The riders were given the opportunity to get their gear in order and take on new food and drink. Sam’s makeshift paracord harnesses had been replaced with leather straps and buckles made by Olden Tradesfolk during the night. There had been about a half of an hour for fitting the new rigs when the dragons had come up from the caves. When they came up, the dragons also drank more of the spring water in the courtyard pools. They said the water had a different taste to the water in their caverns, and found it to their liking.
Sam apologized to Hazgorn about having ‘interrupted’ him the night before, and explained that he and Genie had just been playing around with the rings to see if they could do anything. Hazgorn was not angry about the interruption, but he expressed concern that Samuel and Genie had been ‘playing’ with the Old Magic. That having been said, he went on to discuss what this new ability to communicate afforded them. It could have its advantages, but the power of Ingebriggt’s rings was something of which to be very wary. The dragon made it clear that they are extending a lot of trust at this point. It was agreed (between the four of them) to keep this ability quiet, because if the others started to ‘play’ with the rings’ power, it could lead to a dark path. However, Hazgorn agreed to explore this ability further on the upcoming flight.

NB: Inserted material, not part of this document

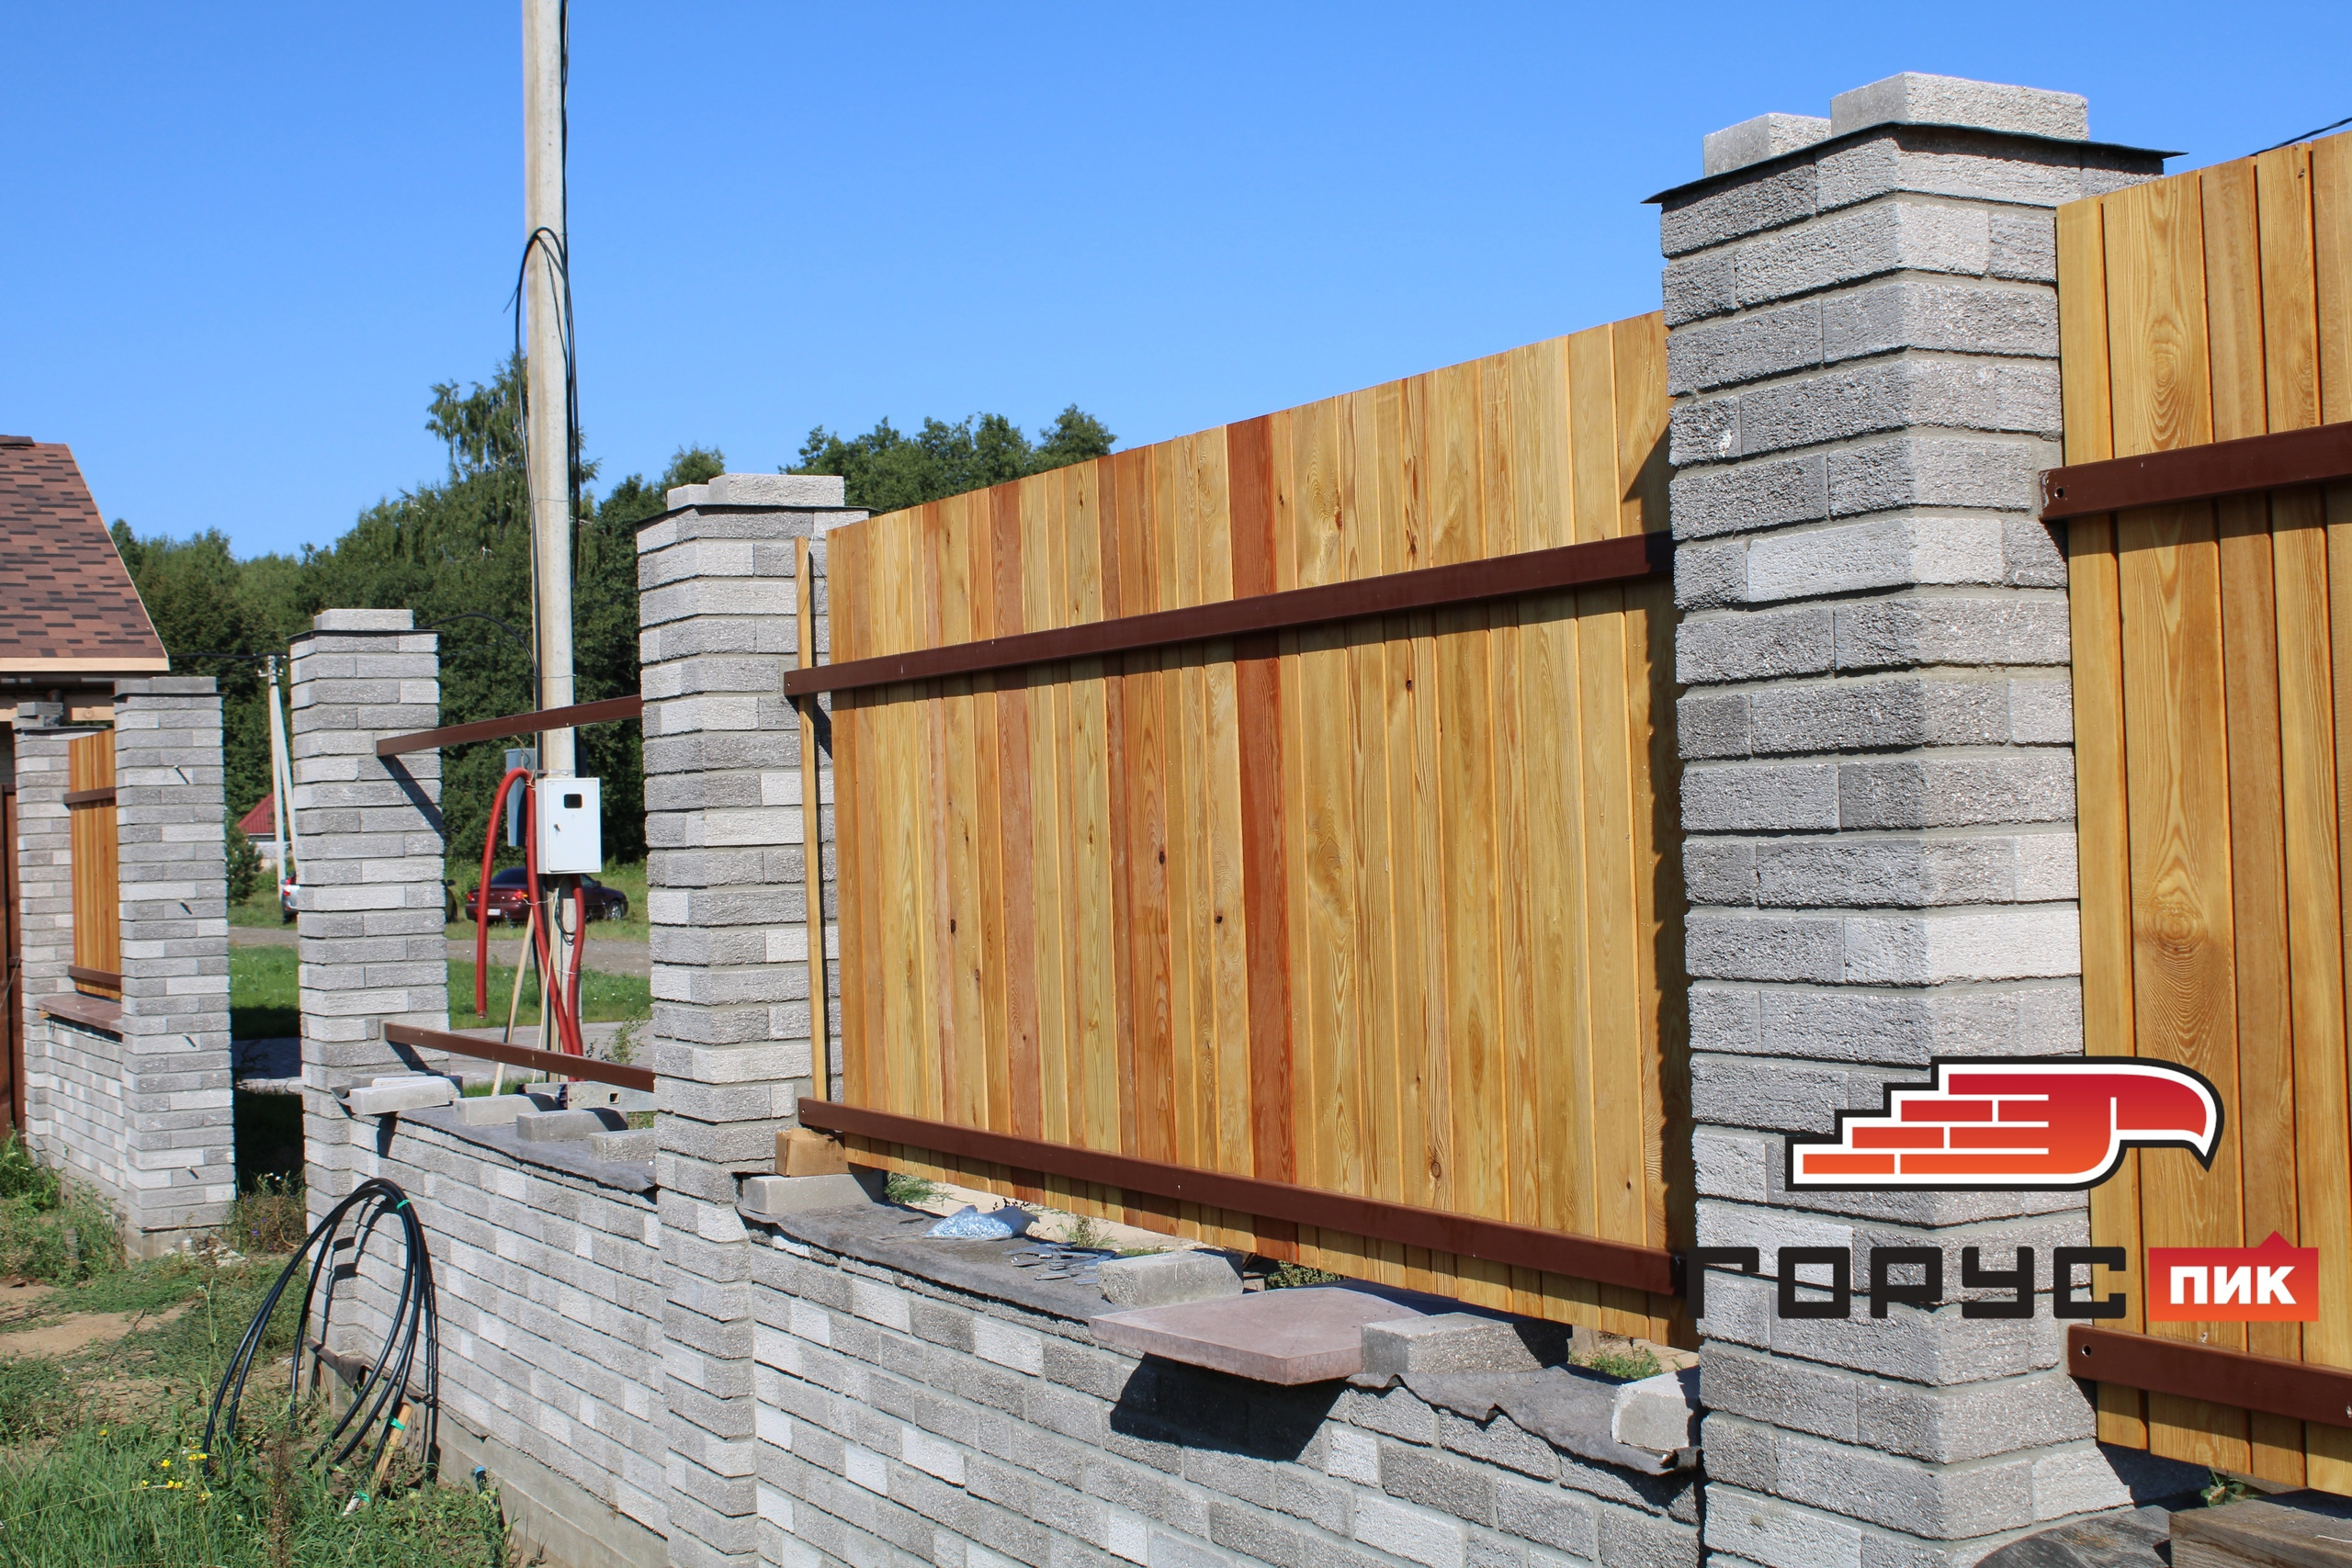 🏗Категория: забор.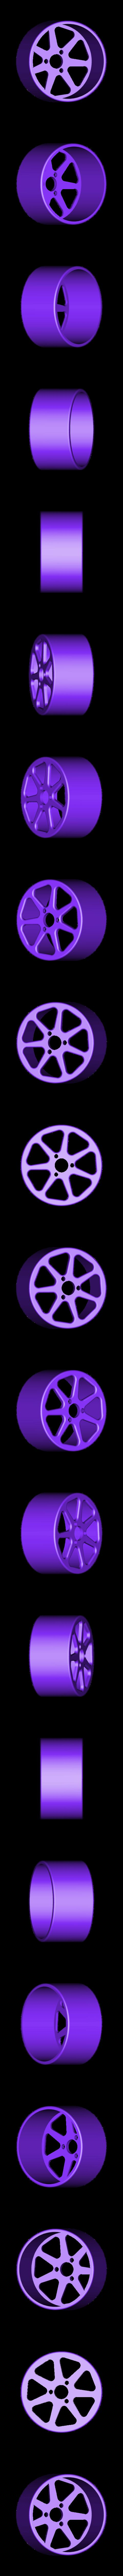 jante_roue_crante.stl Download free STL file 3 RC wheels • 3D printing template, Boxplyer

Nearly two hours after daybreak, the Air Force was on its way south. The leisurely pace was good for sight-seeing, and an hour into the flight, they were passing over the Ruins of North Terea. The name struck a chord with Sam as he remembered having fought the man from Terea near Enverra. That man had come from South Terea, which was still a Styric stronghold city that they would hopefully avoid.
The ruins of the city were much as the Company would have expected, based on the description. Decaying roads and structures of stone, which had crumbled, and an assortment of vegetation taking back the land near the sea, was all there was to be seen on the fly-over.
North Terea had been built on the coast of Terea Bay, and its southwestern counterpart was on the northeastern end of Armored Isle. Their course to Raustorn Hold would thankfully take them east of that city before reaching the northern end of Raustorn Isle. But first they would have to make the crossing of Terean Bay at Shallow Pass.
The flight was three hours old before they cleared the land and soared out over the sea. Much to the surprise of the riders, the dragons came down from their previous cruising altitude to only a hundred feet above the waves. Some of the dragons began diving at the water and coming up with fish in their claws. They would then toss them in front of themselves and catch them in their mouths, swallowing them whole. The acrobatics of the maneuver made their riders happy to have upgraded their harnesses to stout leather.
“We haven’t had our morning meal,” Hazgorn explained to Sam.
It had probably not occurred to any of the Company that the dragons had not eaten since they left their bluffs. So the next few miles were all about the fish. When at last, all of the dragons had eaten their fill, they began to ascend back to their regular altitude.
Sam found himself looking at clouds again, but Rent was still eluding him. He looked back over the formation of dragons and riders, admiring the grandeur.
“Quite an Armada, we have here!” he half-shouted over to Genie.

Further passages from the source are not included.